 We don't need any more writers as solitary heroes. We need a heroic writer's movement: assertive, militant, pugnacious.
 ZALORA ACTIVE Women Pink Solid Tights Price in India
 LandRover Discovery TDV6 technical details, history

************

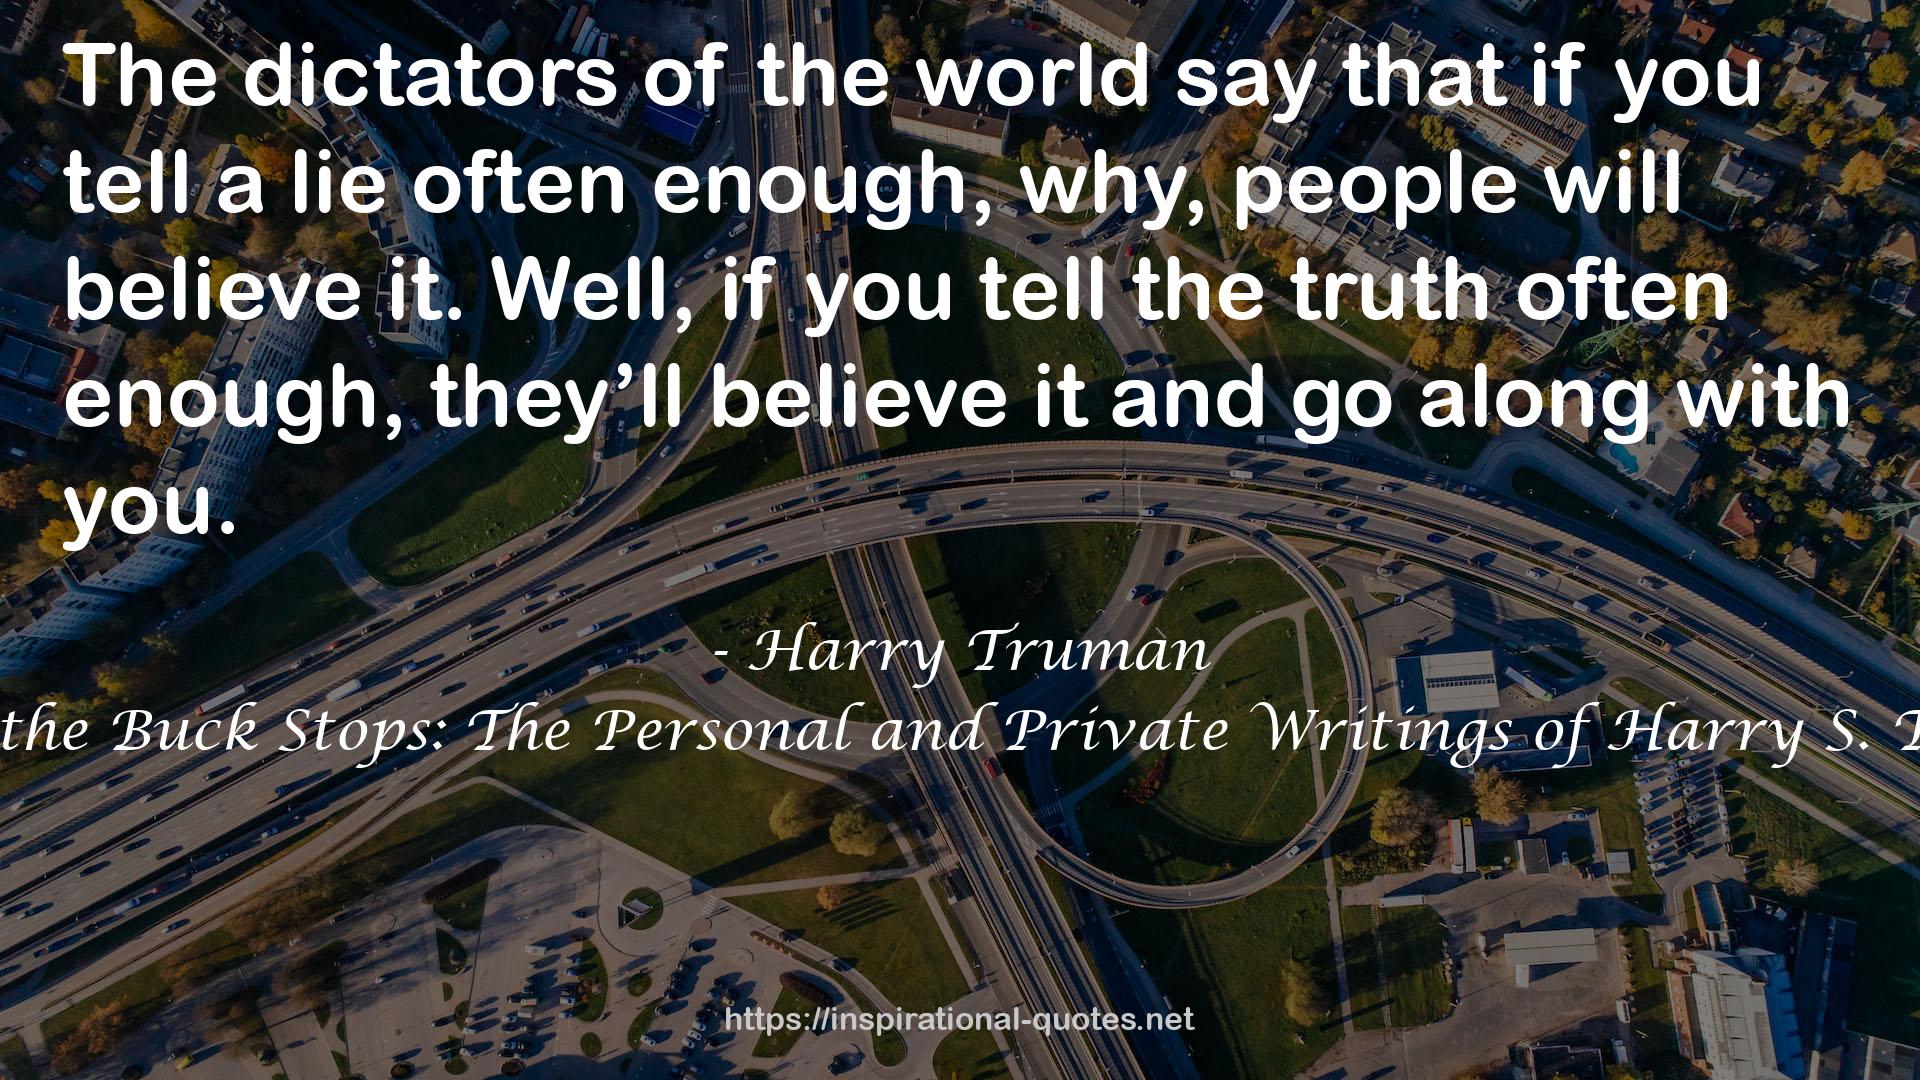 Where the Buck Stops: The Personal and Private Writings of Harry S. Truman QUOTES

************

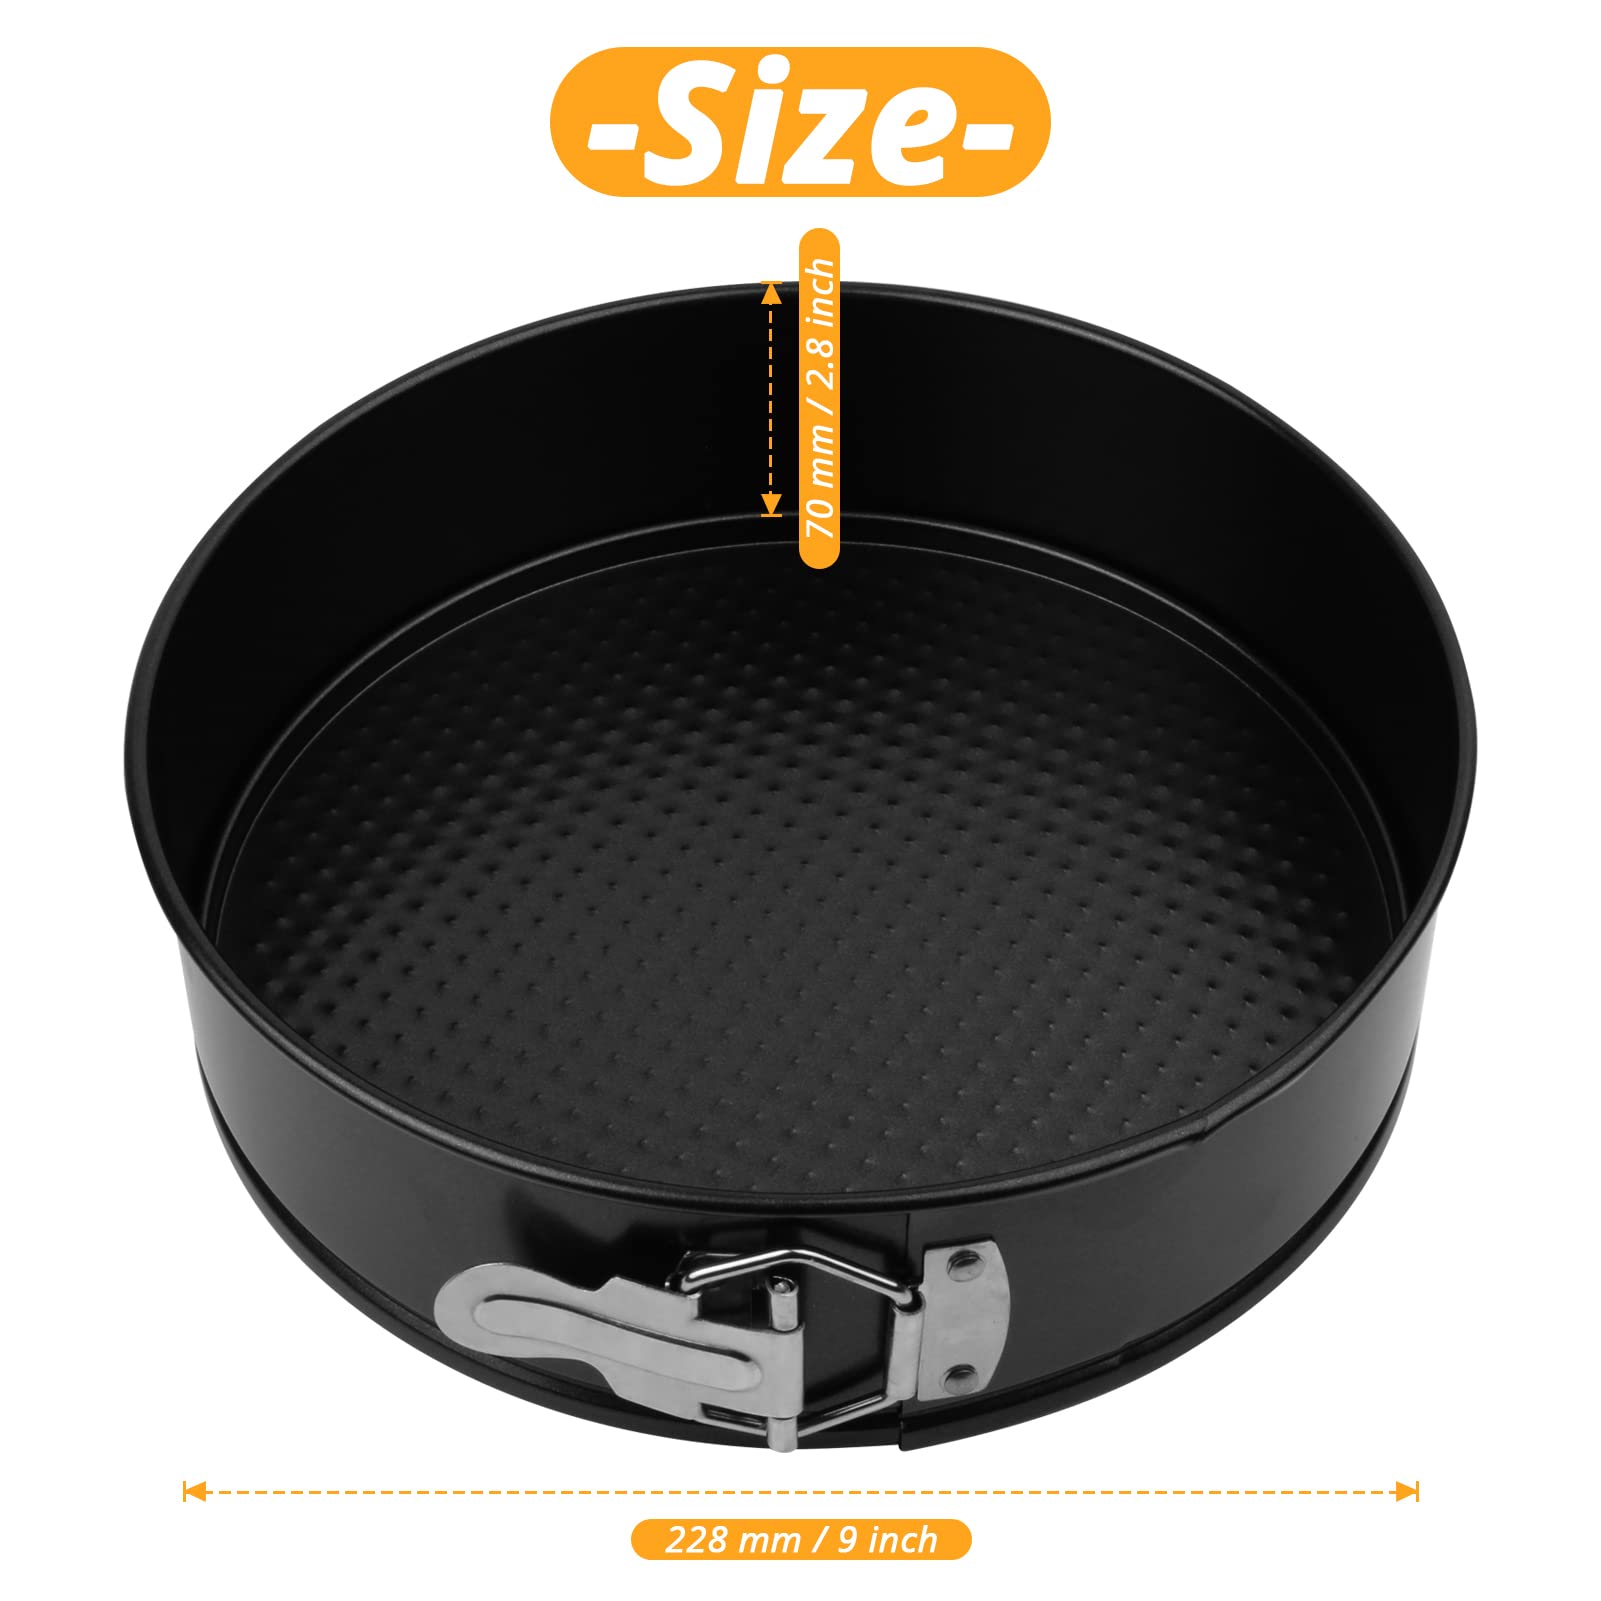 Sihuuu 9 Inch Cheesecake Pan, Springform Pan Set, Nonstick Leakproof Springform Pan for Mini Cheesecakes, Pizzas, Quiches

************

> [WHAT IS REQUIRED]
When the line with "ZALORA ACTIVE Women" is reached in the data above, begin copying, and stop after the line with "LandRover Discovery TDV6"; copy each line exactly, both ends included.

> [PROBLEM SOLUTION]
 ZALORA ACTIVE Women Pink Solid Tights Price in India
 LandRover Discovery TDV6 technical details, history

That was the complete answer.